**Exercise prompt:** Without any of its pictures, the listing below should be output exactly.

**Source material:**

▼

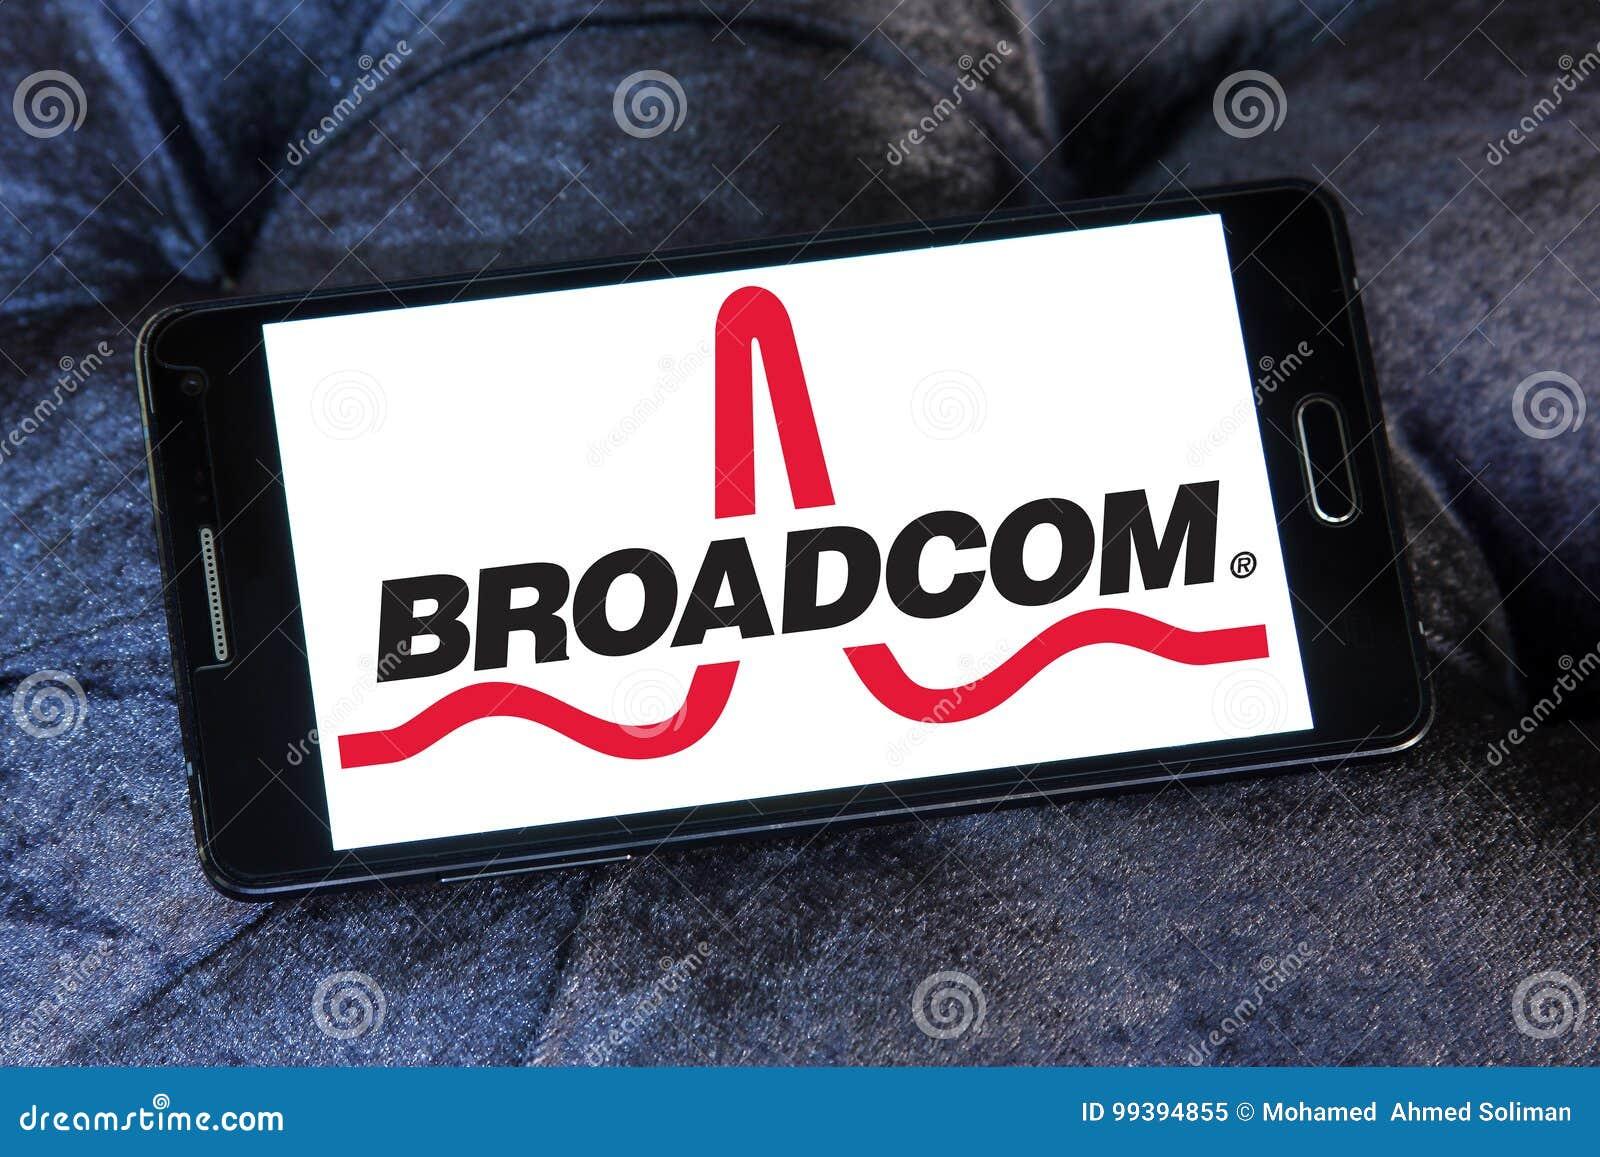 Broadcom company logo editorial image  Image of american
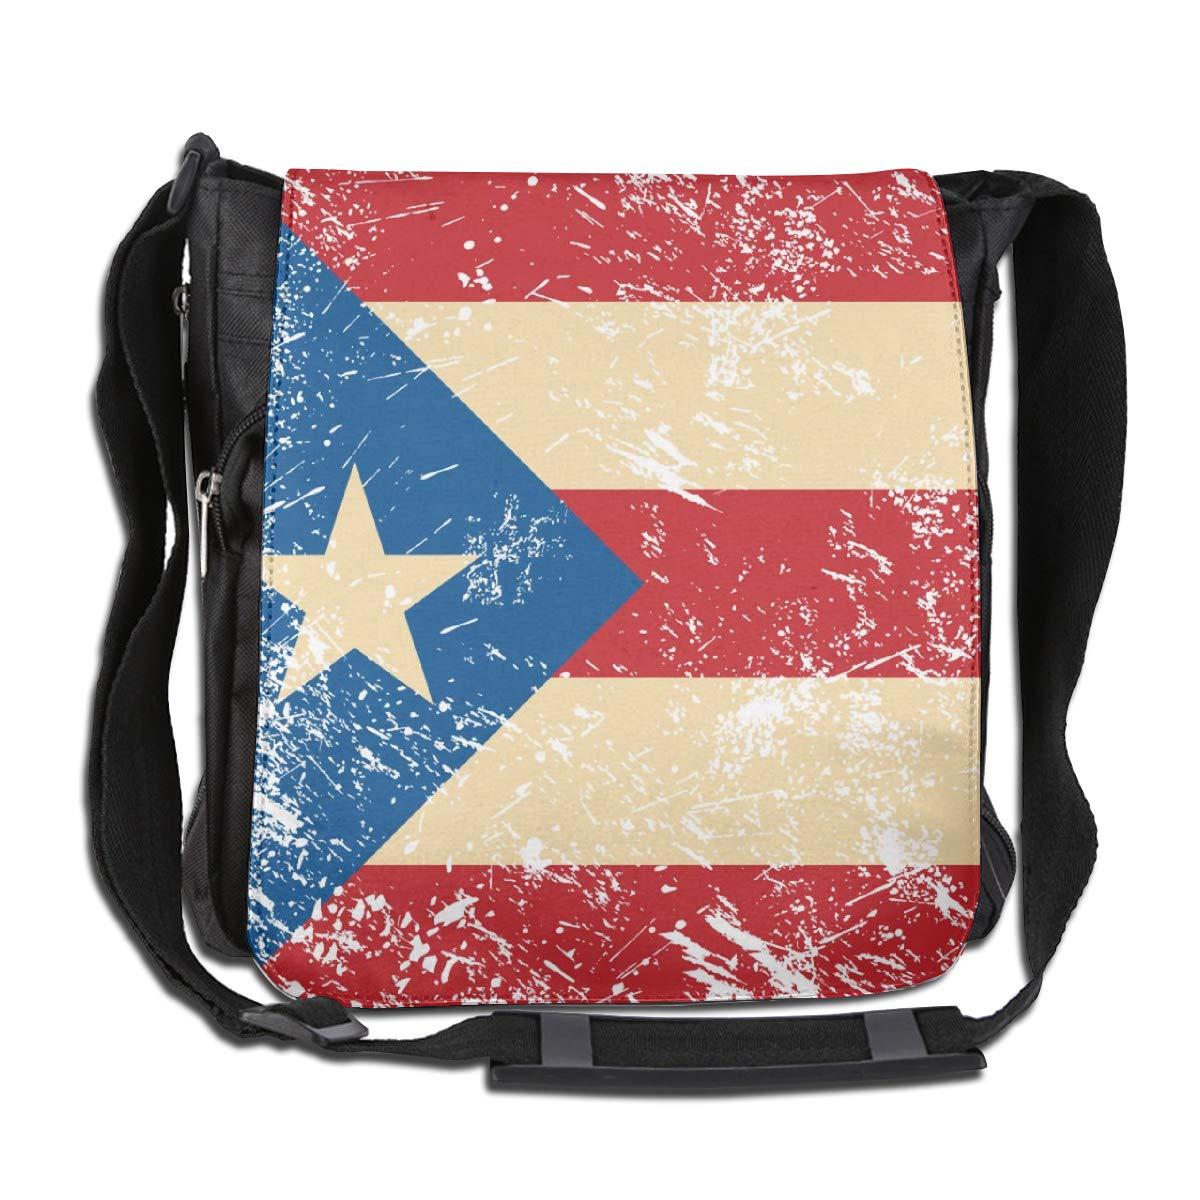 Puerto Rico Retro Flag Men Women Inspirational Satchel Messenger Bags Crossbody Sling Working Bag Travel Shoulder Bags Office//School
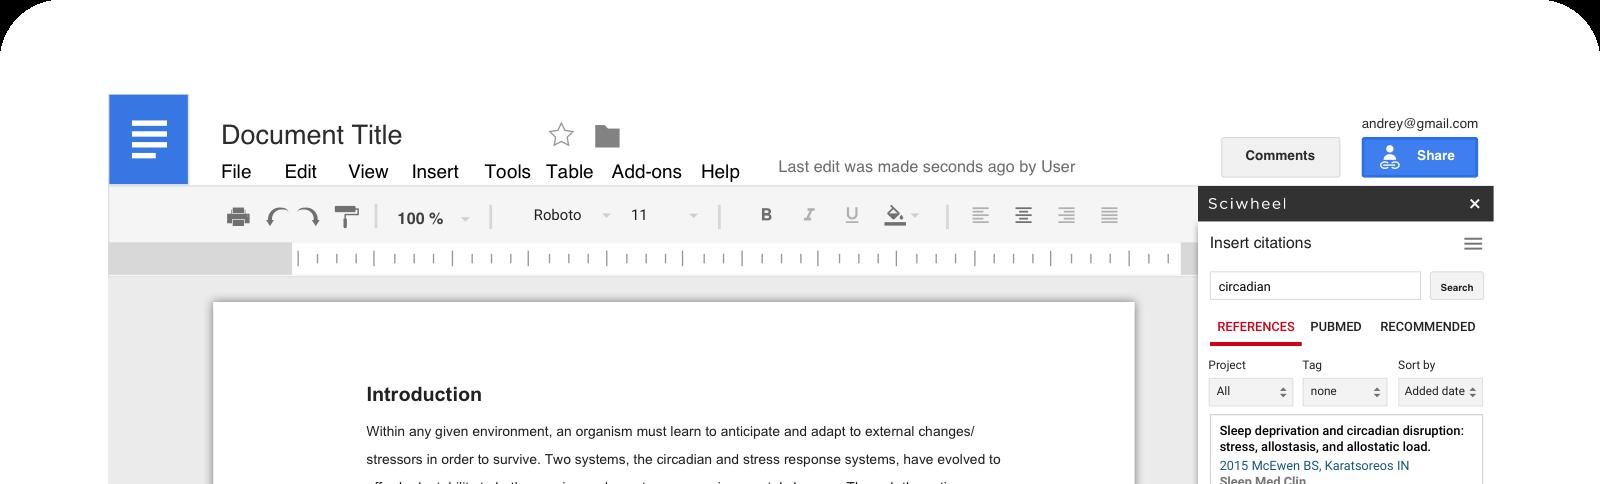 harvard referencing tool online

▲

**Response to the task:**
 Broadcom company logo editorial image  Image of american
 Puerto Rico Retro Flag Men Women Inspirational Satchel Messenger Bags Crossbody Sling Working Bag Travel Shoulder Bags Office//School
 harvard referencing tool online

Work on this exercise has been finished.